If you plot the loss function value over iterations, you will get a plot like the following one, showing how it converges.

Finally, let's compare the above implementation with sklearn's implementation, which uses a more advanced optimization algorithm lbfgs by default, hence likely to converge much faster, but if our implementation is correct both of then should converge to the same global minima, since the loss function is convex (note that sklearn by default uses regularization, in order to have almost no regularization, we need to have the value of the input hyper-parameter very high):

from sklearn.linear_model import LogisticRegression
clf = LogisticRegression(random_state=0, C=10**12).fit(x, y)
print(clf.coef_, clf.intercept_)
# [[ 0.28633262  0.15256914 -0.14975667  0.08192404 -0.18780851]] [-0.07612282]
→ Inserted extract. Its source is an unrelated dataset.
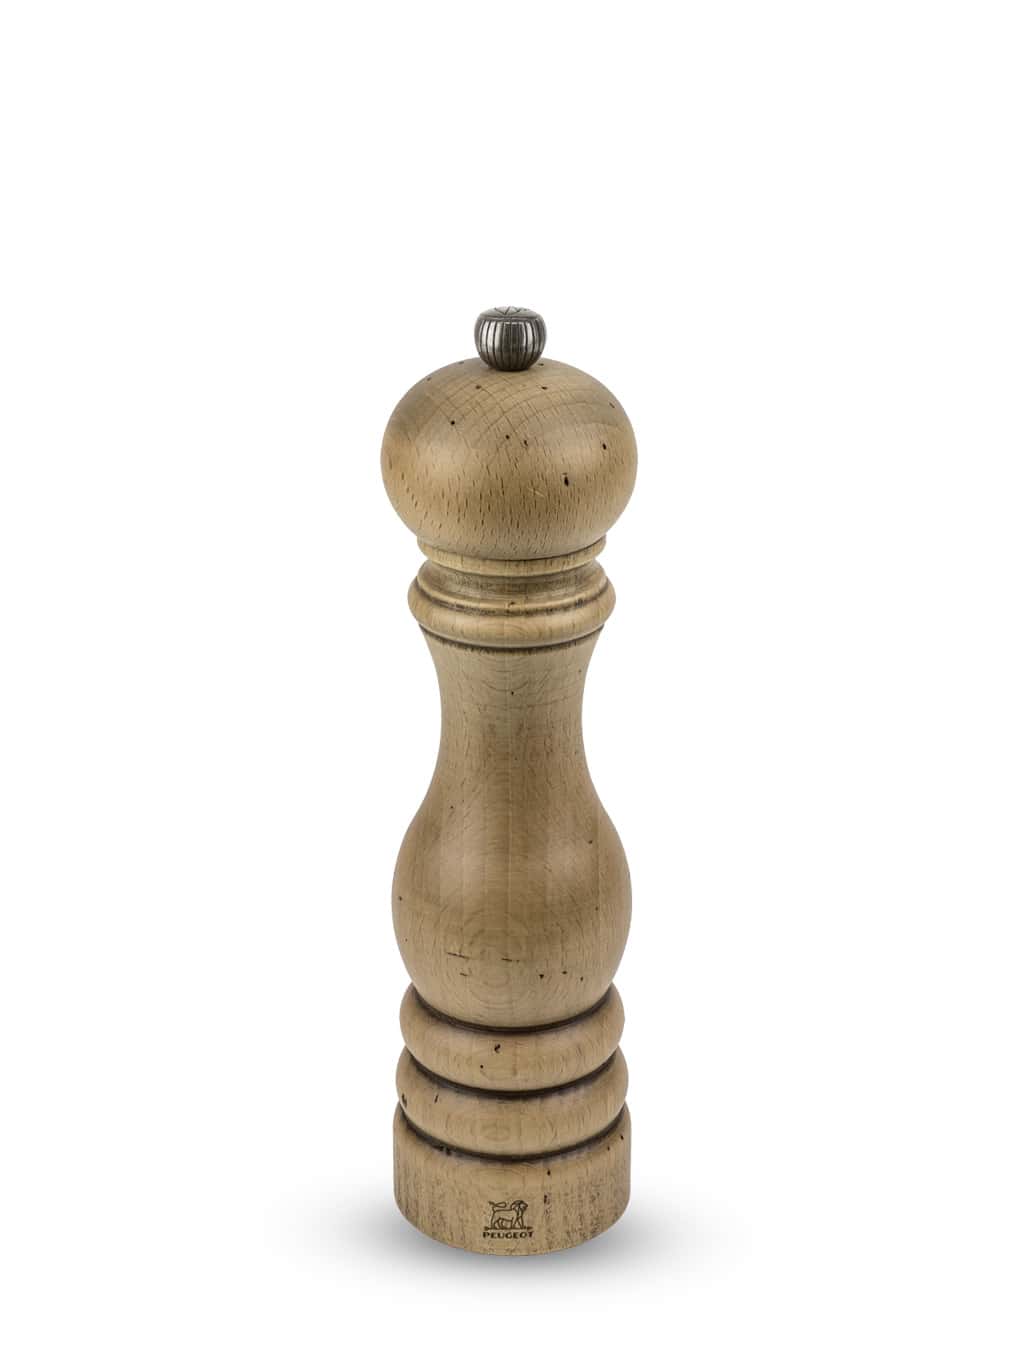 Image of Manual Beech Wood Pepper Mill with Antique Finish, 22cm Paris Antique

Compare the parameter values obtained from the above implementation and the one obtained with sklearn's implementation: they are almost equal.
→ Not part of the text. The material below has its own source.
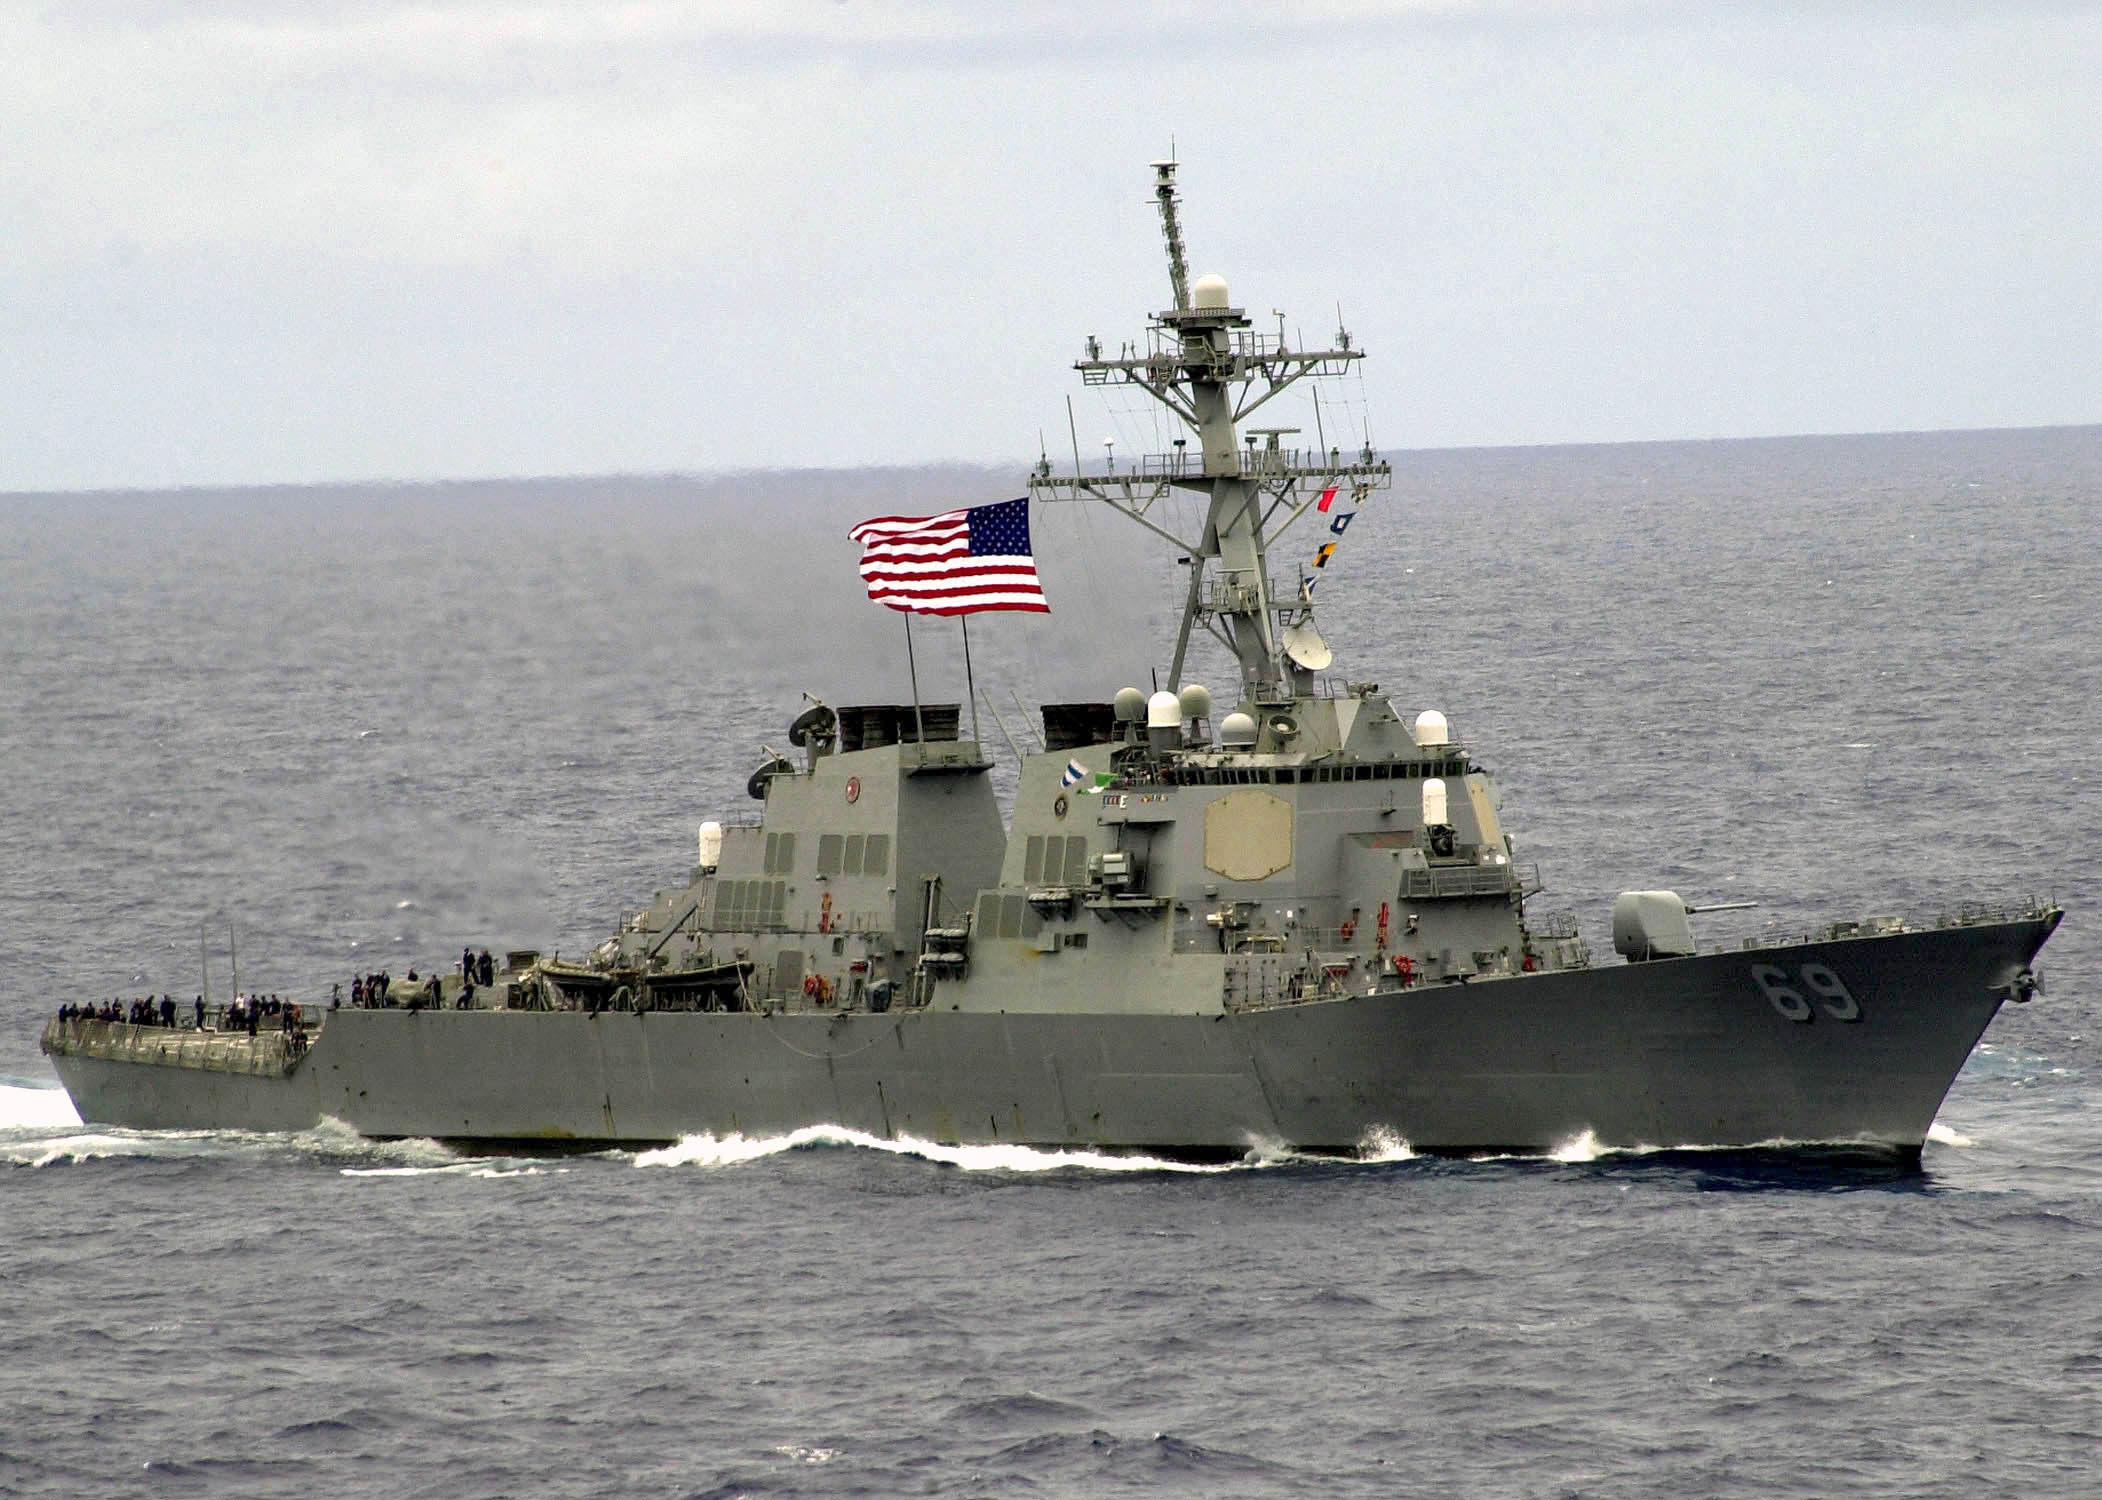 U.S. Navy says destroyer asserted navigational rights in South China Sea

Also, let's compare the predicted probabilities obtained using these two different implementations of LR (one from scratch, another one from sklearn's library function), as can be seen from the following scatterplot, they are almost identical:

pred_probs = 1 / (1 + np.exp(-X@w))
plt.scatter(pred_probs, clf.predict_proba(x)[:,1])
plt.grid()
plt.xlabel('pred prob', size=20)
plt.ylabel('pred prob (sklearn)', size=20)
plt.show()

Finally, let's compute the accuracies obtained, they are identical too:

print(sum((pred_probs > 0.5) == y) / len(y)) 
# [0.527]
clf.score(x, y)   
# 0.527

This also shows the correctness of the implementation.